Em declarações ao Notícias de Coimbra, a autarca referiu que esta decisão “não revoga o PDM e nós até estamos a colocar um nível e vai permitir, por exemplo, desbloquear investimentos que aqui estão há anos e que não são viáveis, nomeadamente hotéis, tendo em conta as restrições que o atual PDM coloca”.
“O que nós estamos a permitir é que se construa, e que se construa com qualidade, sobretudo a habitação e a habitação a custos acessíveis, onde existe um projeto de mobilidade”, frisou.
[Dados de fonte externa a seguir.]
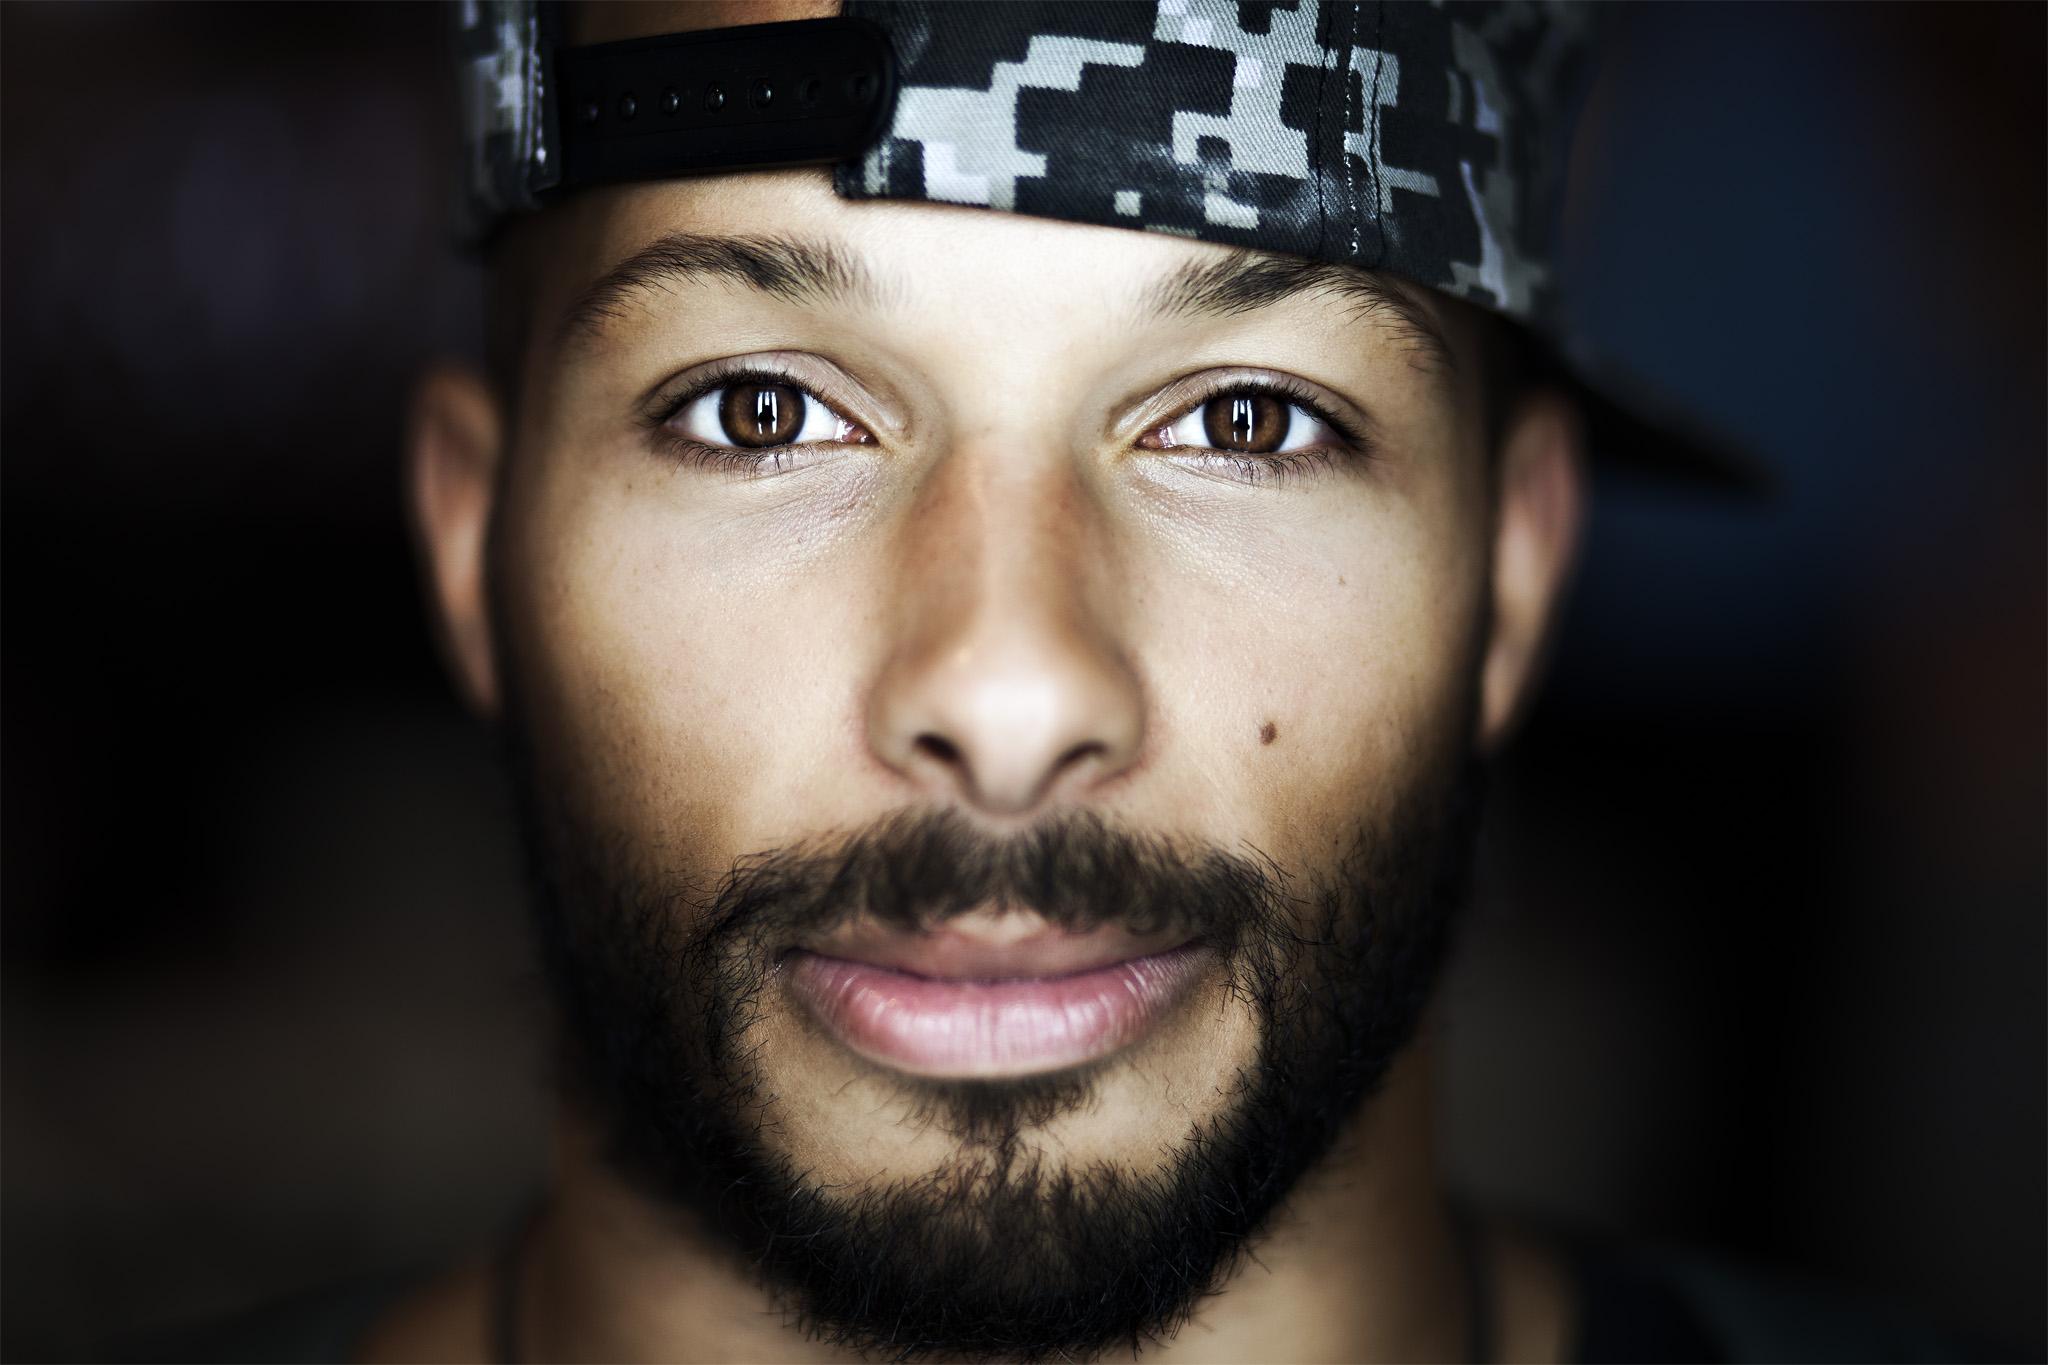 Kareem-Portrait-Headshot-Sydney.jpg

Veja o Direto NDC com Ana Abrunhosa
Do lado da oposição, foi a vereadora Ana Bastos que explicou o sentido de voto contrário a esta decisão. Para a autarca, “a suspensão do PDM existe como uma medida excecional para fenómenos emergentes”, o que no caso não se aplica.
Apesar das alterações introduzidas, as quais tornam “muito mais sólida, muito mais consistente e muito menos perigosa”, Ana Bastos afirmou que ela “desprotege os próprios serviços técnicos, que não tendo balizas quantitativas, tendo apenas qualitativas, sofrem naturalmente a pressão do mercado imobiliário”.
“O grande problema que se põe aqui é como controlar, do ponto de vista do negócio jurídico, uma situação destas”, afirmou.